Behavior: If a requested chain is missing from a PDB, the node does not silently continue. It computes the set of available chains and raises a ValueError listing both the requested chains and the available ones for that PDB.
Behavior: Non-structural records like HEADER, TITLE, REMARK, SEQRES, and geometry records are preserved verbatim from the input, so metadata may still reference chains that were removed; only coordinate records are strictly filtered.

Troubleshooting¶

Invalid chain ID: Error messages mentioning an invalid chain such as 'AB' indicate that you passed multi-character or non-alphanumeric chain IDs. Fix this by providing only single alphanumeric characters separated by commas, such as "A,B".
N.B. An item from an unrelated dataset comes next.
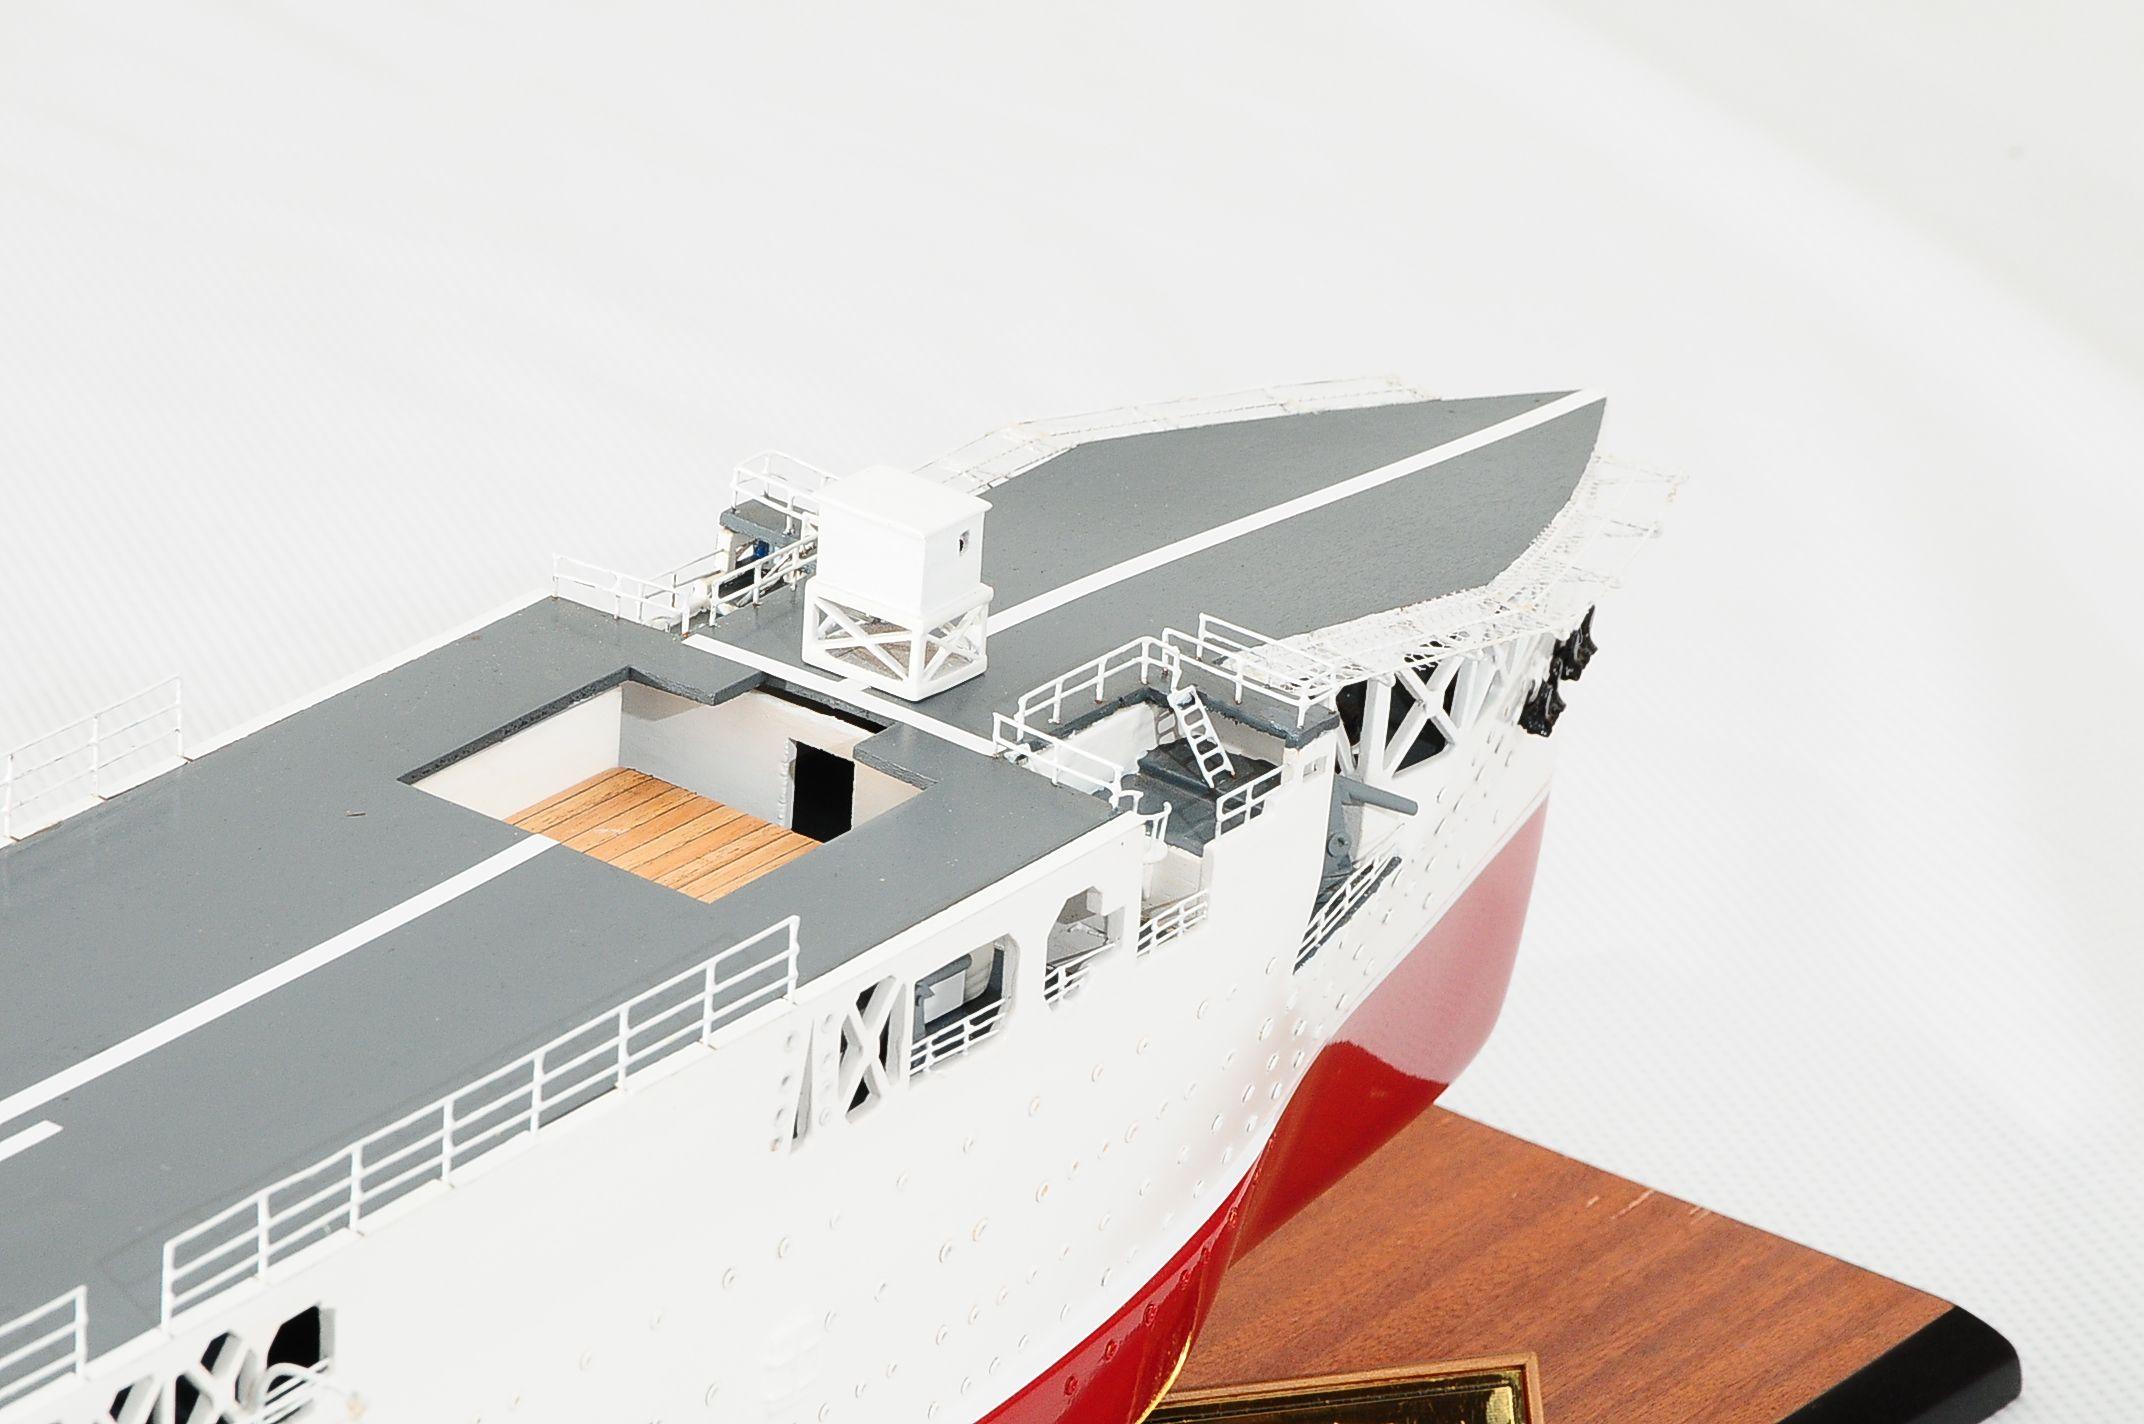 663-6137-HMS-Argus-Model-Boat
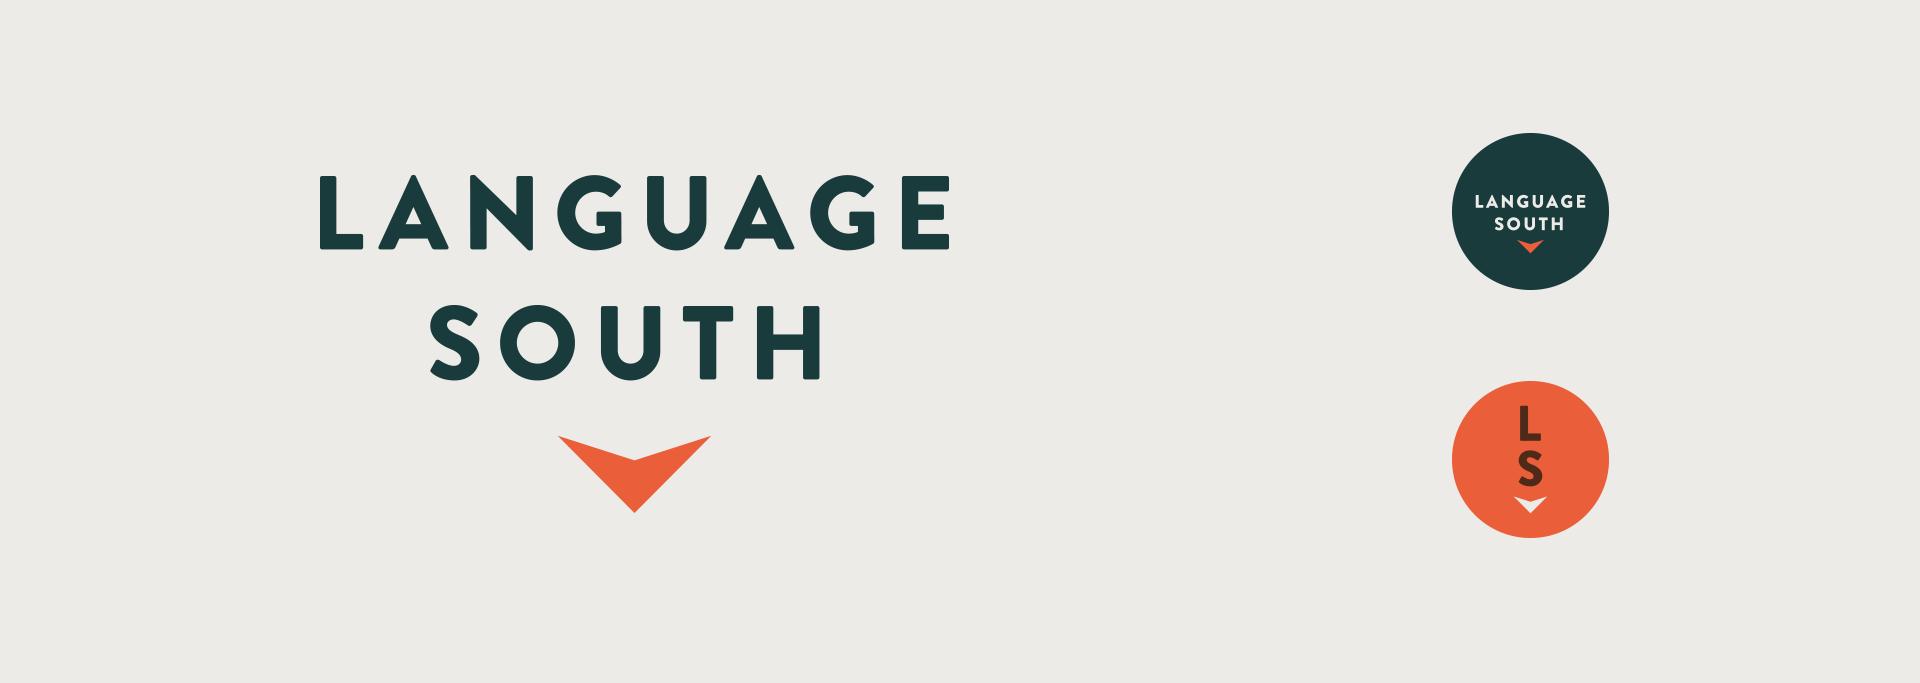 Language South - Brand Identity, Logos

Chains parameter cannot be empty: This occurs when you leave the chains field blank or only provide spaces. Enter at least one chain ID, for example "A" or "A,B".
No atoms found for chains in a given PDB: Messages like "No atoms found for chains ['A', 'B'] in PDB '1ABC'. Available chains: C, D" mean the requested chains do not exist in the input PDB. Inspect the PDB to determine actual chain IDs, then update the chains input accordingly.
No valid PDB structures could be processed: All input entries were empty or failed validation. Ensure the upstream node passes a non-empty PDB dictionary, and verify that you connected the correct output, such as the structure.pdb output from LoadPDBNode, BatchPDBNode, or PDBCombinerNode.
Type mismatch on 'pdb' input: If you connect a plain STRING output instead of a PDB-typed output, the node may not execute correctly. Make sure you feed it from nodes that produce PDB type outputs, such as LoadPDBNode, BatchPDBNode, or PDBCombinerNode.